Testers unanimously appreciated the bike’s acceleration, and how quickly it gains speed, particularly when exiting corners, when you could rally out of the turn and not worry about losing the front of the bike. That characteristic points to the bike’s geometry, which incorporates size-specific chainstays. The size medium, which is the largest frame size available in the Roubion, measures 436mm (in the low geometry setting), while the small is 432mm (as is the XS, which is a matched 27.5-inch-wheeled bike). It’s a long bike—the wheelbase is 1,222mm with a 604mm reach—but that 27.5 wheel in the rear gives it a playful personality, while a 64.5-degree head angle is slack enough to maintains its rowdy demeanor on steep descents (but no tire bum-buzz—bonus!).

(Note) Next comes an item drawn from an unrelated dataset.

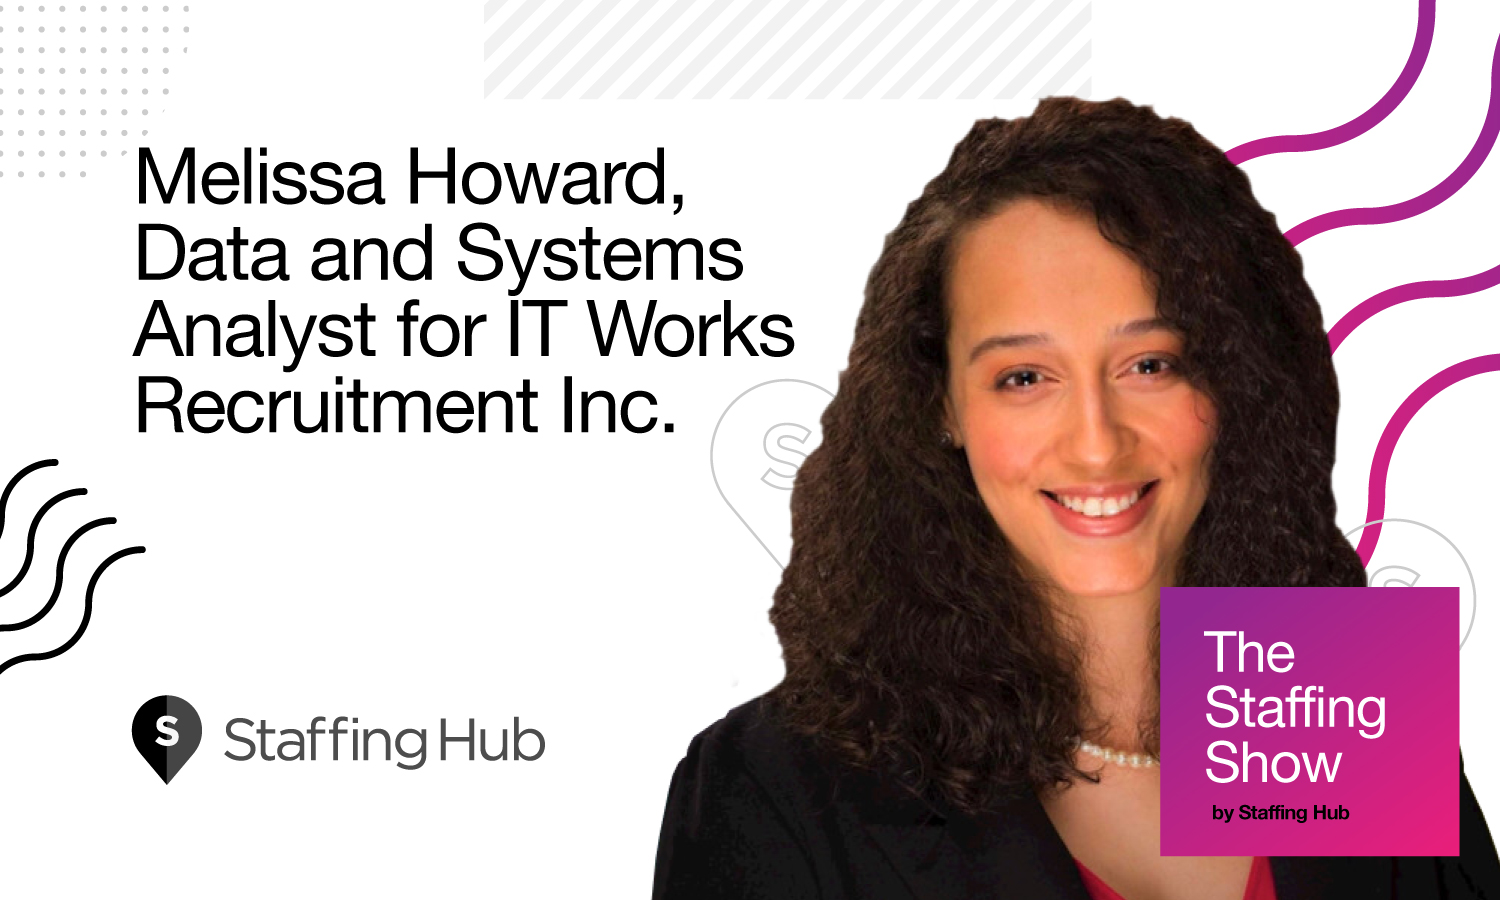 The Staffing Show - Episode 3 - Melissa Howard of IT Works Recruitment

And while 27.5 wheels tend to hang up a bit more than 29-inch wheels on the climbs, the refined VPP suspension instead feels active and efficient. Juliana nailed the execution of the Roubion—purposely building it as a mixed-wheel bike instead of slapping a different link on a 29er.

It feels especially good if you spring for the no-compromise parts package on the model we rode: a tip-top-of-the-line Carbon CC frame decked out with a Fox Factory 36 fork, RockShox Super Deluxe Ultimate shock, full SRAM X01 AXS drivetrain, Code RSC brakes, Santa Cruz Reserve carbon rims and Maxxis Minions rubber.

If you’re aiming for pure speed, a matched 29er might net you faster lap times, especially on tracks with wide-open descents; but a mixed-wheel like the Roubion will almost surely net you more fun. And that’s a compromise worth making.
Entry Point:

In the past, Santa Cruz/Juliana has offered aluminum-frame versions of its most popular models, and while that may come with the Roubion, it’s not here yet. The least-expensive carbon frame build, the ‘R,’ runs $5,050, and comes with a Carbon C frame (slightly heavier than Carbon CC), Fox Float X Performance shock, RockShox Lyrik Select fork, SRAM NX 12-speed drivetrain and RaceFace ARC Offset 30 rims—the same as on every other build until the X01 AXS model. The dropper post on this model is downspecc’d from the Reverbs seen throughout the rest of the models to an SDG Tellis. The extra $900 for the ‘S’ model might just be the sweet spot, though, if you can swing it. That money gets you the same frame with a Fox Performance fork, RockShox Super Deluxe Select+ shock, a full SRAM GX drivetrain, a hub upgrade to DT Swiss 370 and that Reverb dropper—enough upgrades to shave more than a half-pound off the bike’s weight.